Continued dialogue, transparency, and communication will lead CAFLS forward in 2012. With this column I commit to addressing issues on a regular basis that are of interest and concern to faculty, staff, students, and alumni. In addition, I will invite faculty, staff and students to a series of informal "brown bag" lunches beginning in January. Details will follow early in the New Year.

Agriculture, forestry and life sciences are more important today than ever before.  We are entrusted with the responsibility to educate students for the 21st century who will face many challenges to feed, clothe, provide shelter, address health of people, and protect our environment.  The world population is expected to grow to 9 billion people by 2050.  We will need more college graduates to address the issues that will bear upon us all. 

The mission of the College of Agriculture, Forestry & Life Sciences is to support Clemson University, the land grant university of South Carolina, in its ongoing and diverse efforts in education, research, and public service to benefit the people of South Carolina, the nation and the world. It is important for this college and the University to adhere to its land grant roots and advance the knowledge base for the future success of all people.

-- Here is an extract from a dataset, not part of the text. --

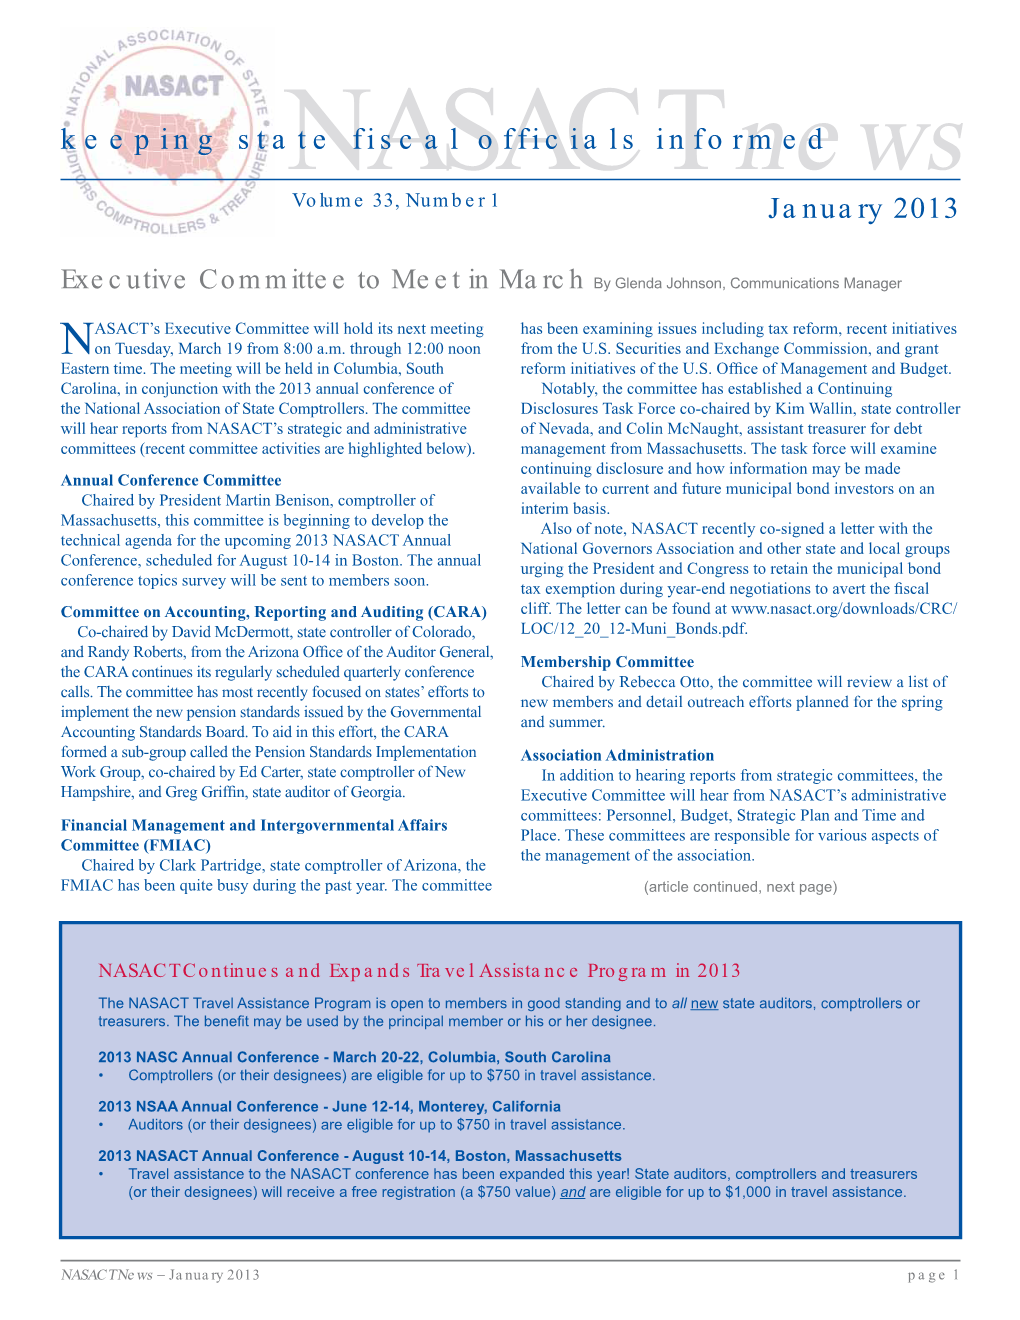 NASACT News, January 2013

While many aspects of agriculture have changed since Thomas Green Clemson’s time, the basics have not—food and fiber need to be produced and distributed. Fulfillment of these objectives requires the blending of our expertise across the College.  We will call upon our faculty and staff members to collaborate in our delivery of education leading to scientific discovery and application to economic development. We will share and distribute that knowledge through our graduates who will enter the workforce to lead South Carolina forward to greater heights of social and economic status.

Higher education and land grant universities across the country have faced severe budget cuts at the state level. Clemson University has had budget cuts greater than many others. CAFLS has made changes in organizational structure in response to this fiscal pressure.  Through it all, we have maintained the core academic programs in agriculture, forestry and life sciences.  We have defined focus areas in Sustainable Agriculture and the Environment, Food and Packaging Systems, and Human and Non-Human Health in line with the University’s Emphasis Areas outlined in the 2020 Roadmap Plan,http://www.clemson.edu/2020.

We must all remain committed to our core mission in this new era of funding. Our charge is to provide excellent educational opportunities for our students and focus on mission-driven research and service. Our goal is to create a new model for a multidisciplinary college of life-based sciences.  It will be a different model in many cases, but a college model that preserves our land grant tradition while preparing for the challenges of the 21st century.


Tom Scott, PhD
Dean, College of Agriculture, Forestry & Life Sciences


"Our goal is to create a new model for a multi-disciplinary college of life-based sciences. It will be a different model in many cases, but a college model that preserves our land grant tradition while preparing for the challenges of the 21st century."